[Task requirements] Could you restate the entries below word for word and leave the images out?

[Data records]
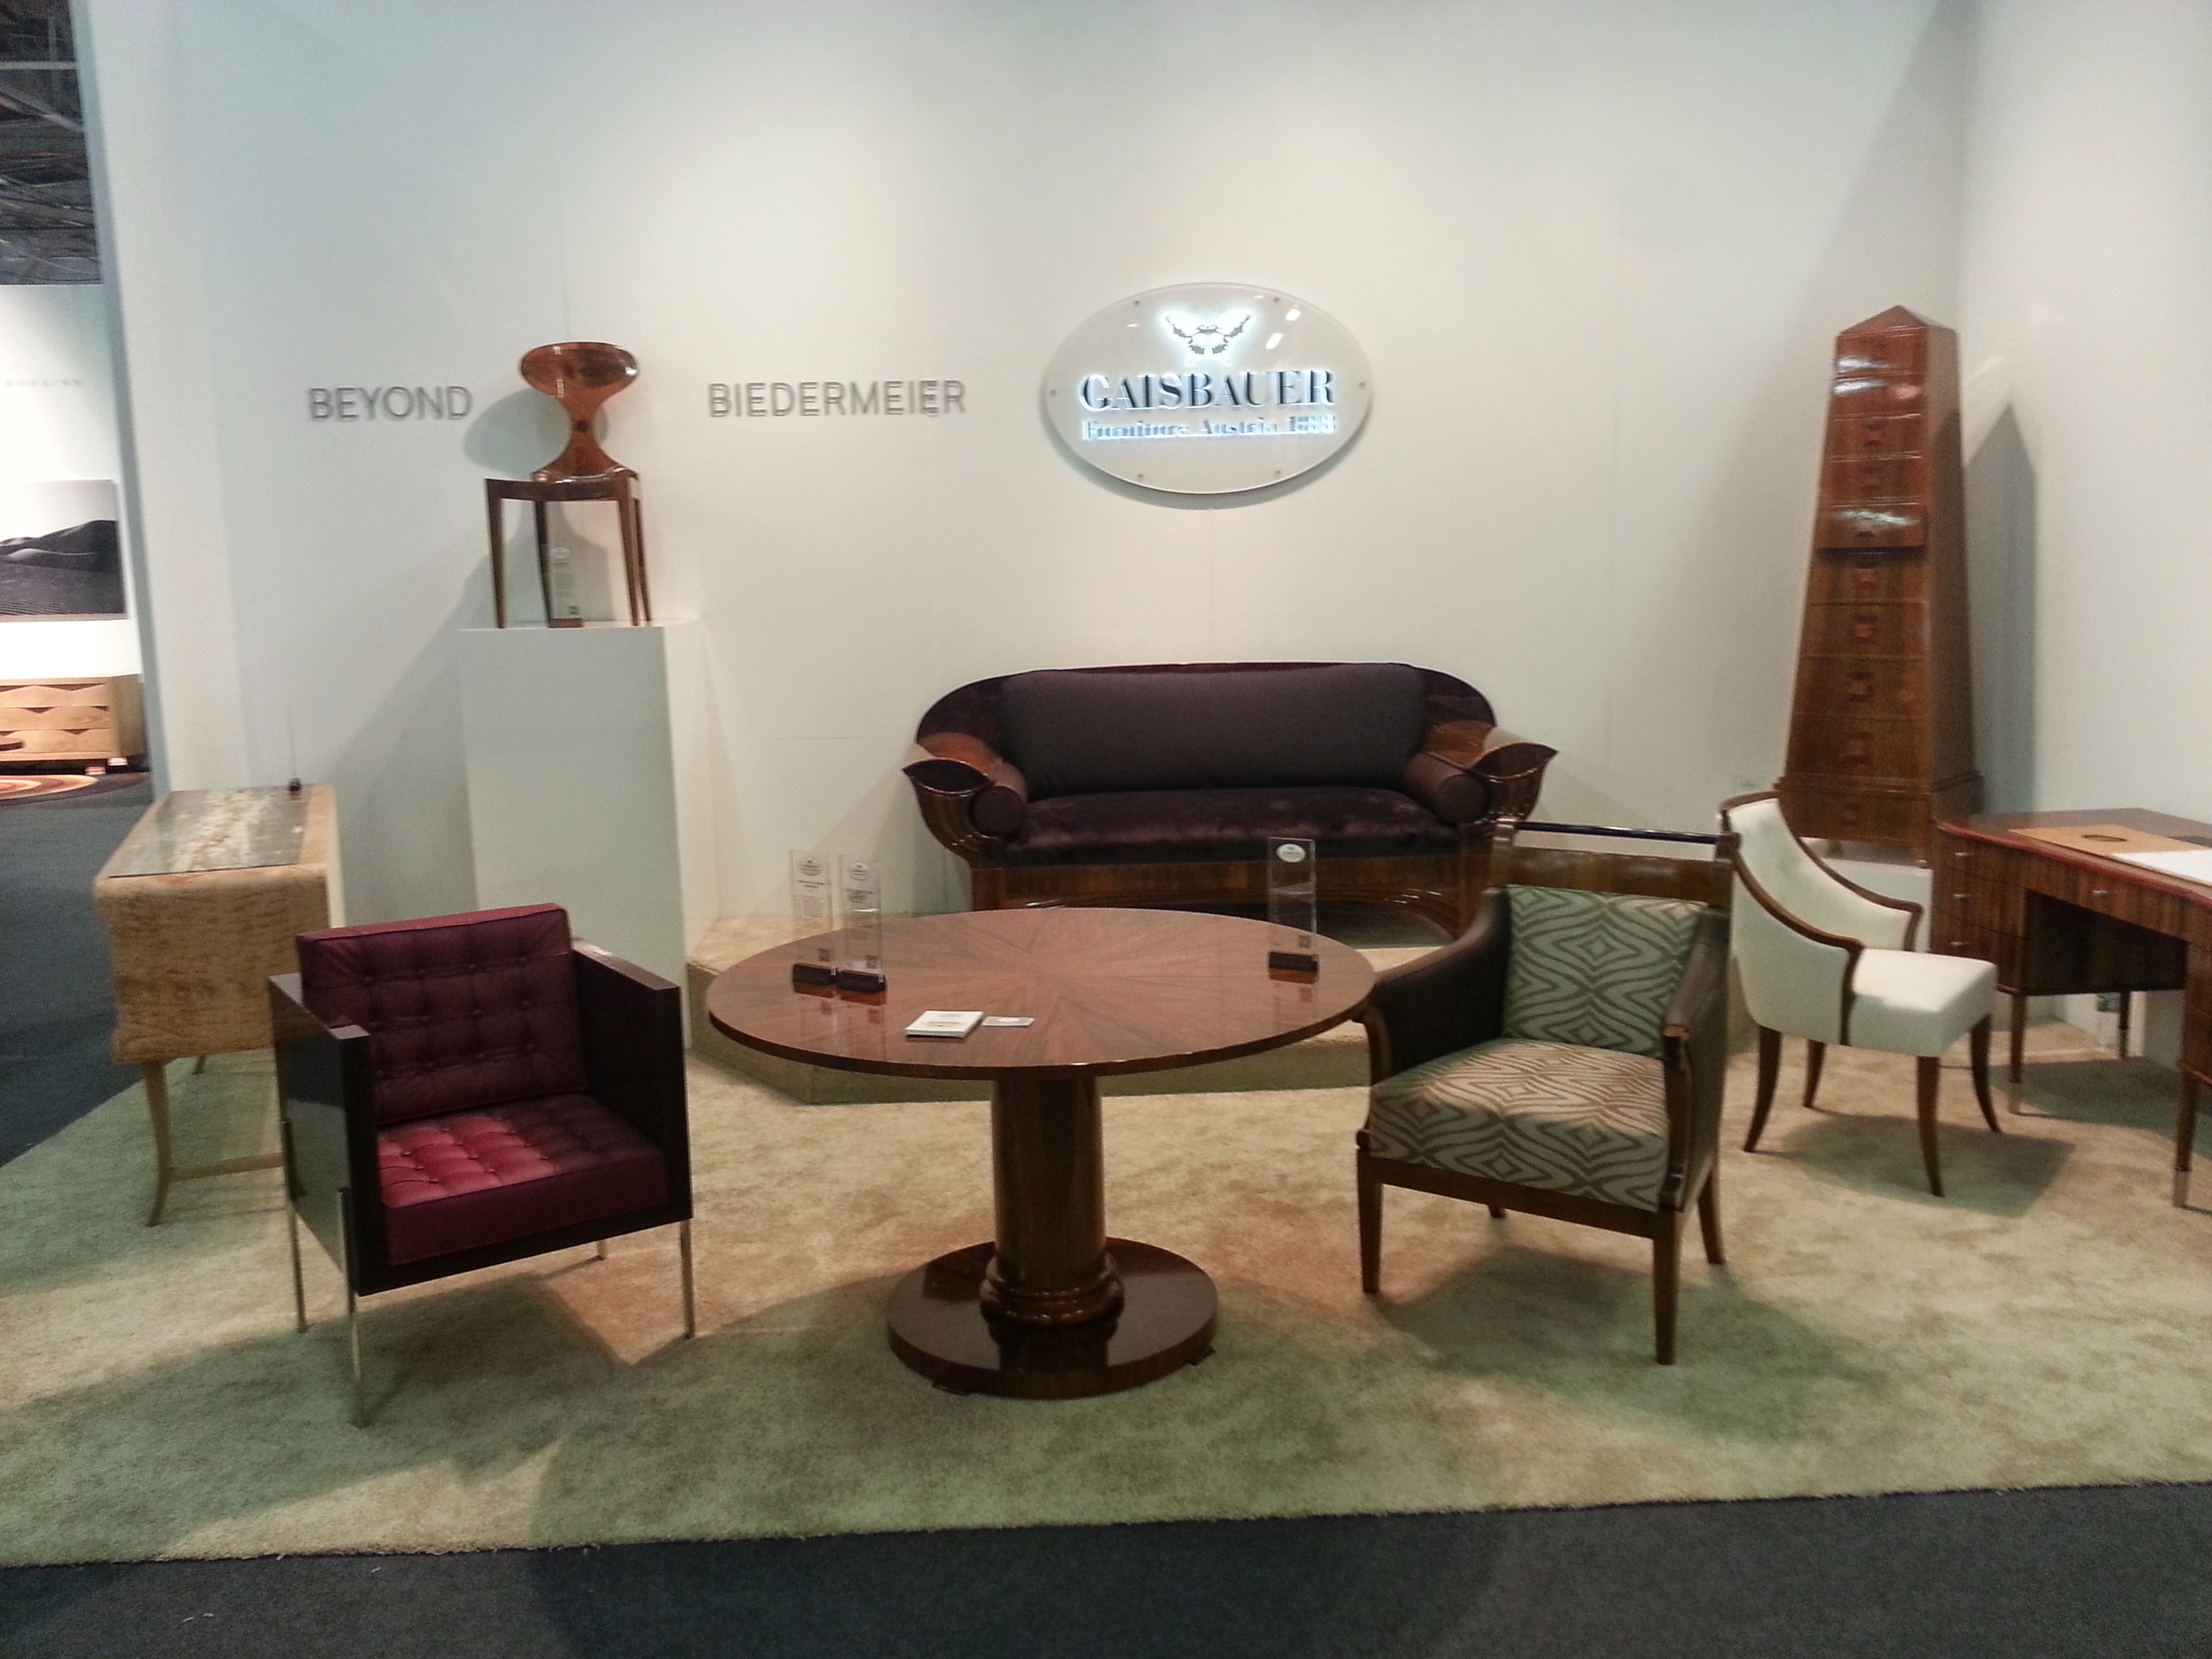 Front of Gaisbauer booth at AD2015
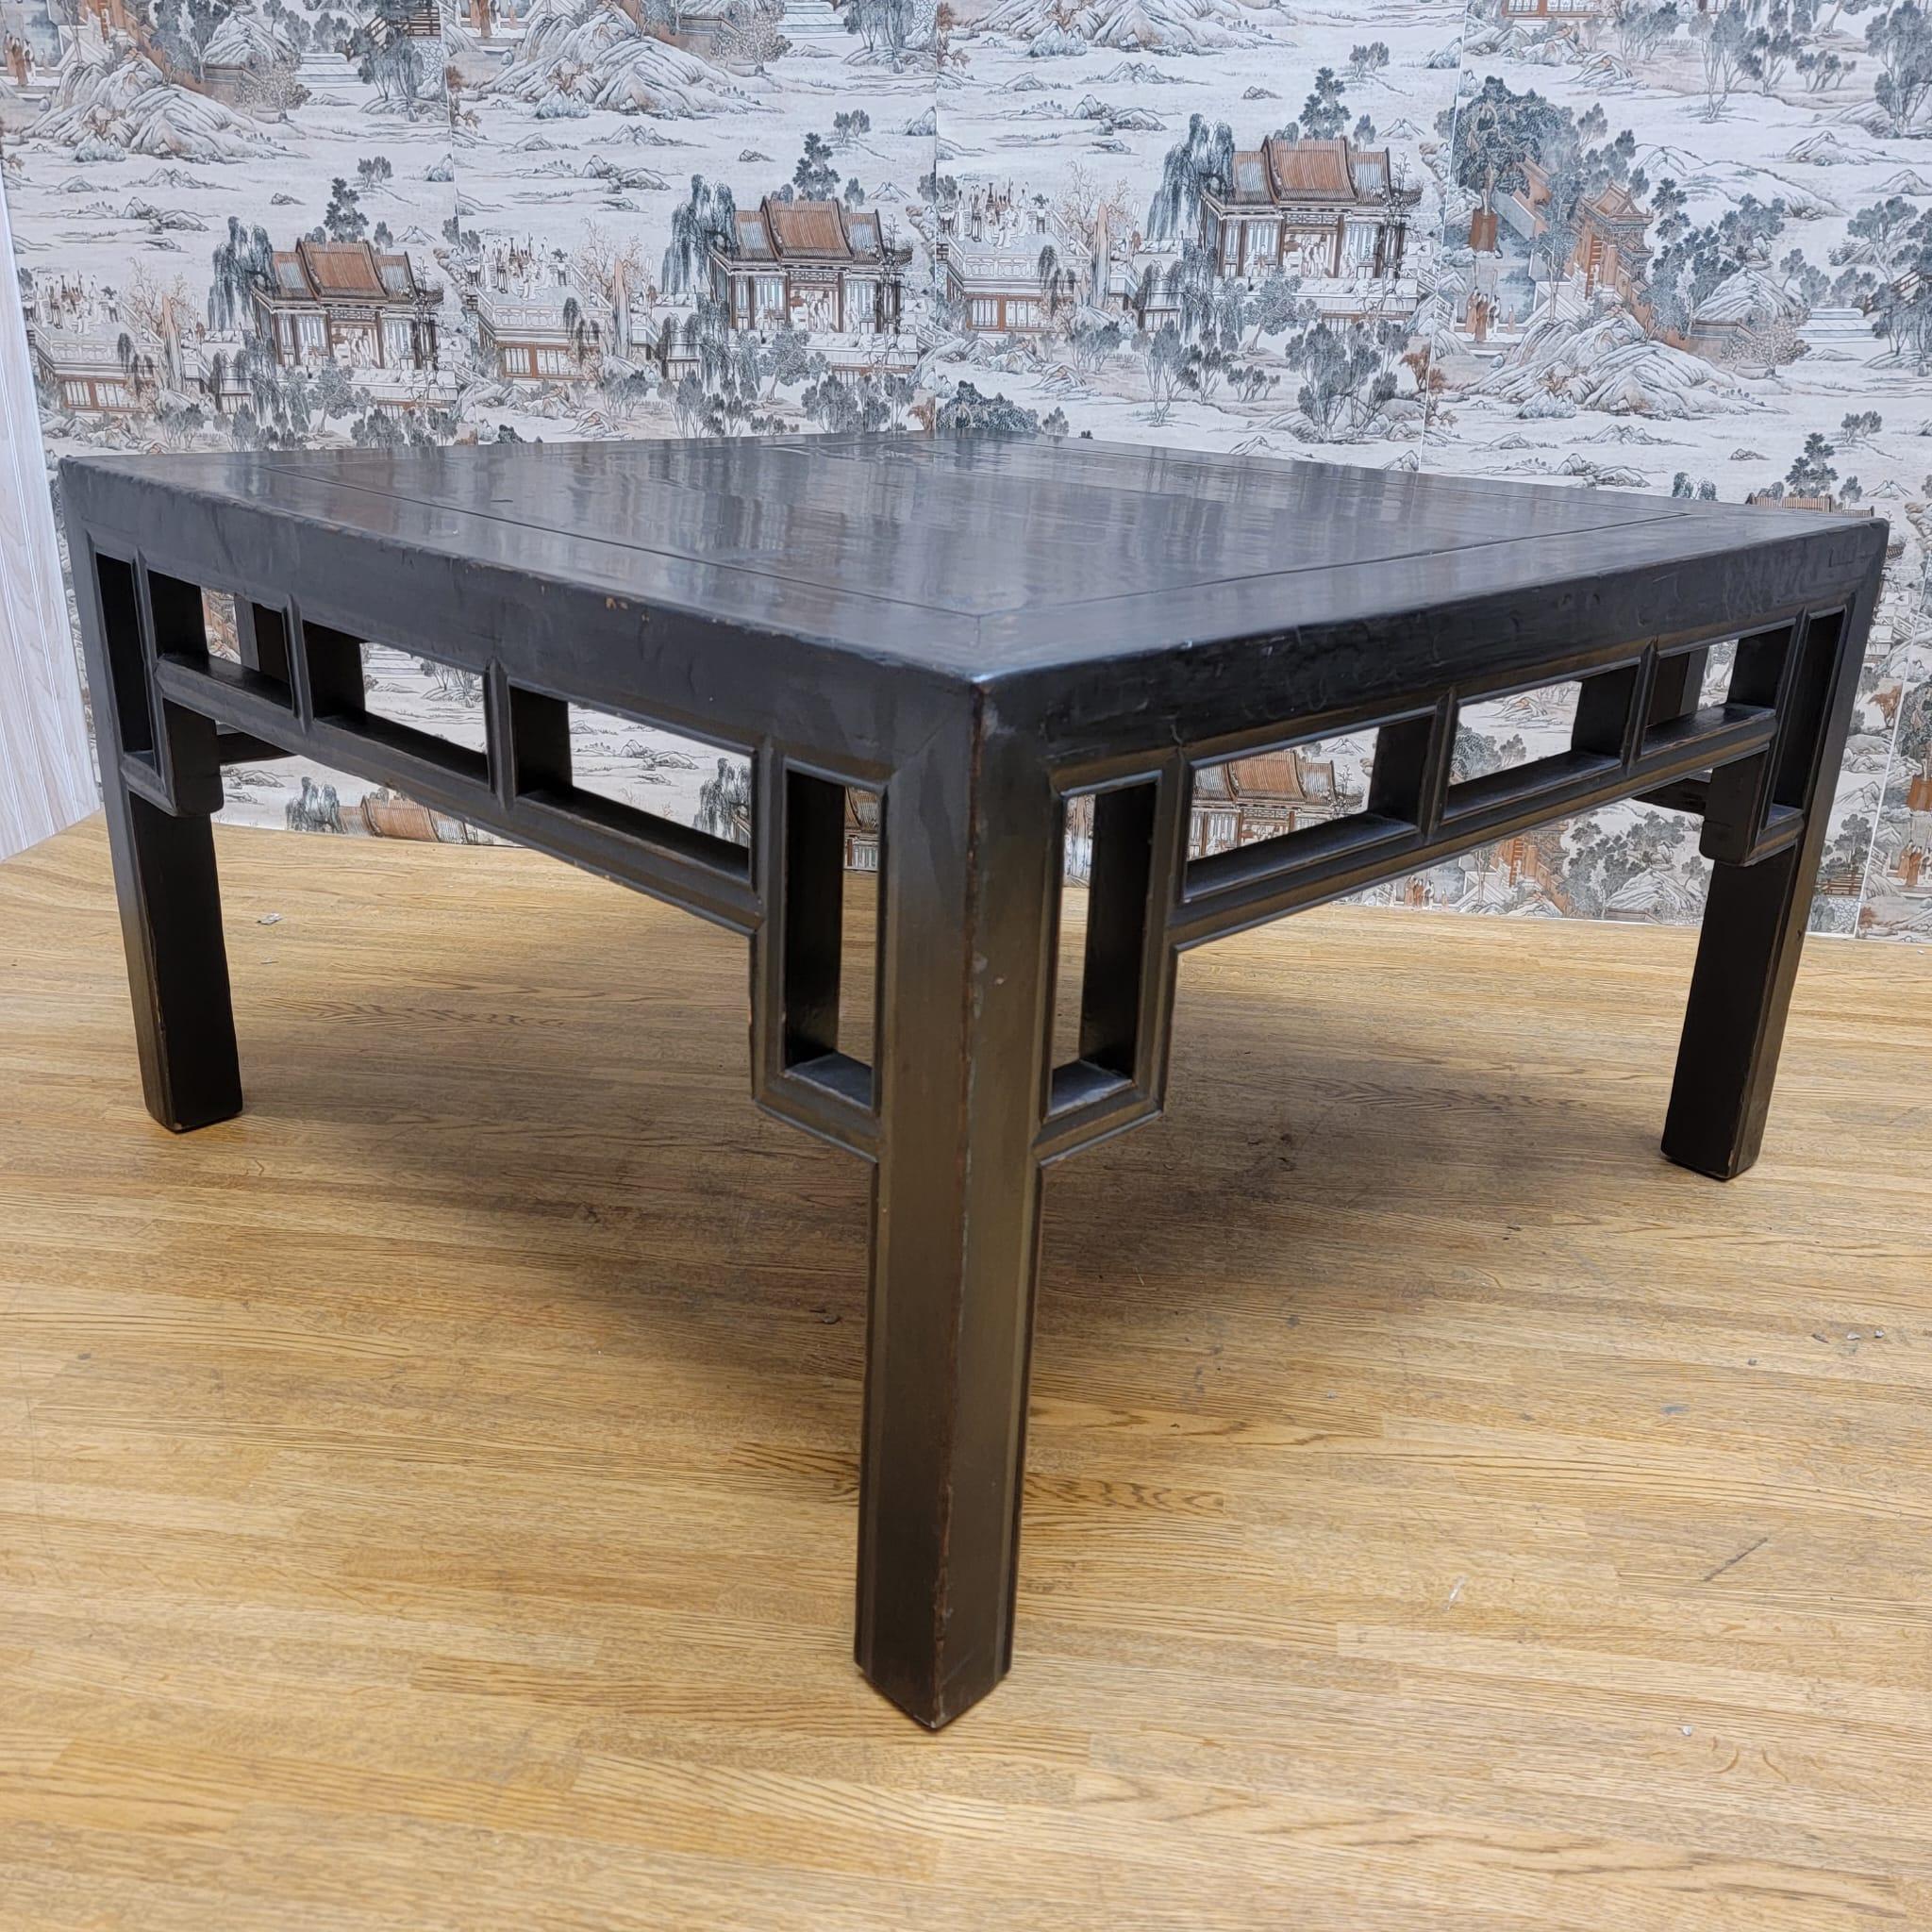 Vintage Shanxi Province Elm coffee table with Carved Apron

This Vintage elm coffee table is from the Shanxi Province of China. It has a hand carved apron and maintains its original color and patina.

Circa: 1980 

Dimensions:

W: 38

[Answer below]
 Front of Gaisbauer booth at AD2015
 Vintage Shanxi Province Elm coffee table with Carved Apron

This Vintage elm coffee table is from the Shanxi Province of China. It has a hand carved apron and maintains its original color and patina.

Circa: 1980 

Dimensions:

W: 38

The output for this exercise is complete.